Sunday, July 03, 2005


The lishu was already very close to, and led to the adoption of, kaishu 楷书 , regular script. The oldest existing example of this dates from the Wei (220-265), and the script developed under the Jin (265-420). The standard writing today is square in form, non-cursive and architectural in style. The characters are composed of a number of strokes out of a total of eight kinds-the dot, the horizontal, the vertical, the hook, the rising, the left-falling (short and long) and the right-falling strokes. Any aspirant for the status of calligrapher must start by learning to write a good hand in kaishu.

On the basis of lishu also evolved caoshu 草书(grass writing or cursive hand), which is rapid and used for making quick but rough copies. This style is subdivided into two schools: zhangcao and jincao.
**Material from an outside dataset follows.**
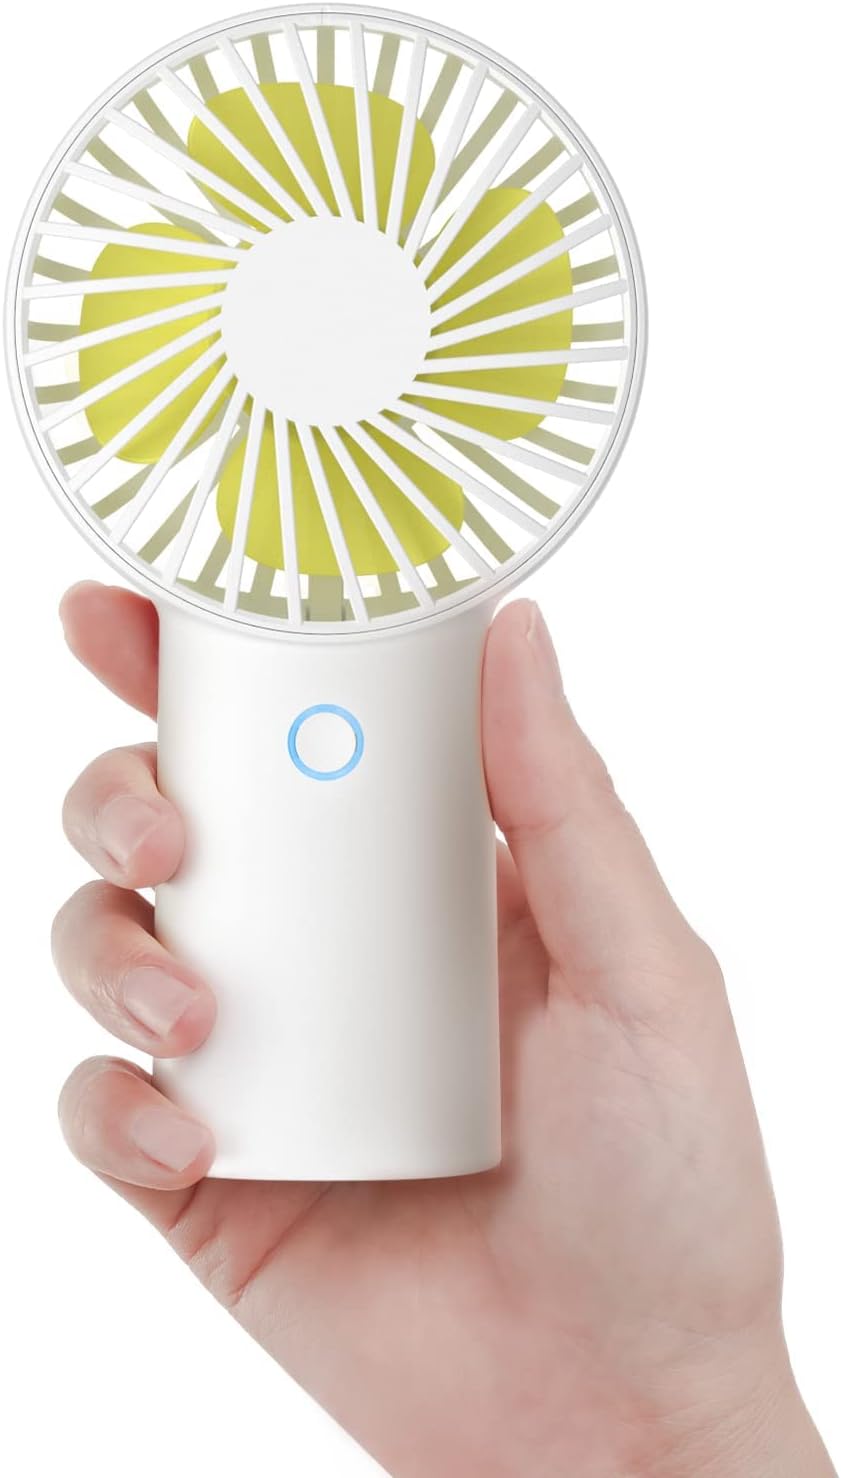 JISULIFE Handheld Portable Fan [20H Max Cooling Time] Mini Hand Fan, 4000mAh USB Rechargeable Personal Fan with 3 Speeds for Travel/Eyelash/Camping/Office, Ideal Gifts for Women, Men, Boys,Girls-White

The xingshu行书 or running hand is something between the regular and the cursive scripts. When carefully written with distinguishable strokes, the xingshu characters will be very close to the regular style; when swiftly executed, they will approach the caoshu or cursive hand. Chinese masters have always compared with vivid aptness the three styles of writing-kaishu, xingshu and caoshu-to people standing, walking and running.

The zhuan(篆书) script or seal character was the earliest form of writing after the oracle inscriptions, which must have caused great inconvenience because they lacked uniformity and many characters were written in variant forms. The first effort for the unification of writing, it is said, took place during the reign of King Xuan (827-782 B. C.) of the Western Zhou Dynasty, when his taishi (grand historian) Shi Zhou compiled a lexicon of 15 chapters, standardizing Chinese writing under script called zhuan. It is also known as zhouwen after the name of the author.

The lishu隶书 (official script) came in the wake of the xiaozhuan in the same short-lived Qin Dynasty (221 - 207 B. C.). This was because the xiaozhuan, though a simplified form of script, was still too complicated for the scribes in the various government offices who had to copy an increasing amount of documents. Cheng Miao, a prison warden, made a further simplification of the xiaozhuan, changing the curly strokes into straight and angular ones and thus making writing much easier. A further step away from the pictographs, it was named lishu because li in classical Chinese meant "clerk" or "scribe". Another version says that Cheng Miao, because of certain offence, became a prisoner and slave himself; as the ancients also called bound slaves "li", so the script was named lishu or the "script of a slave".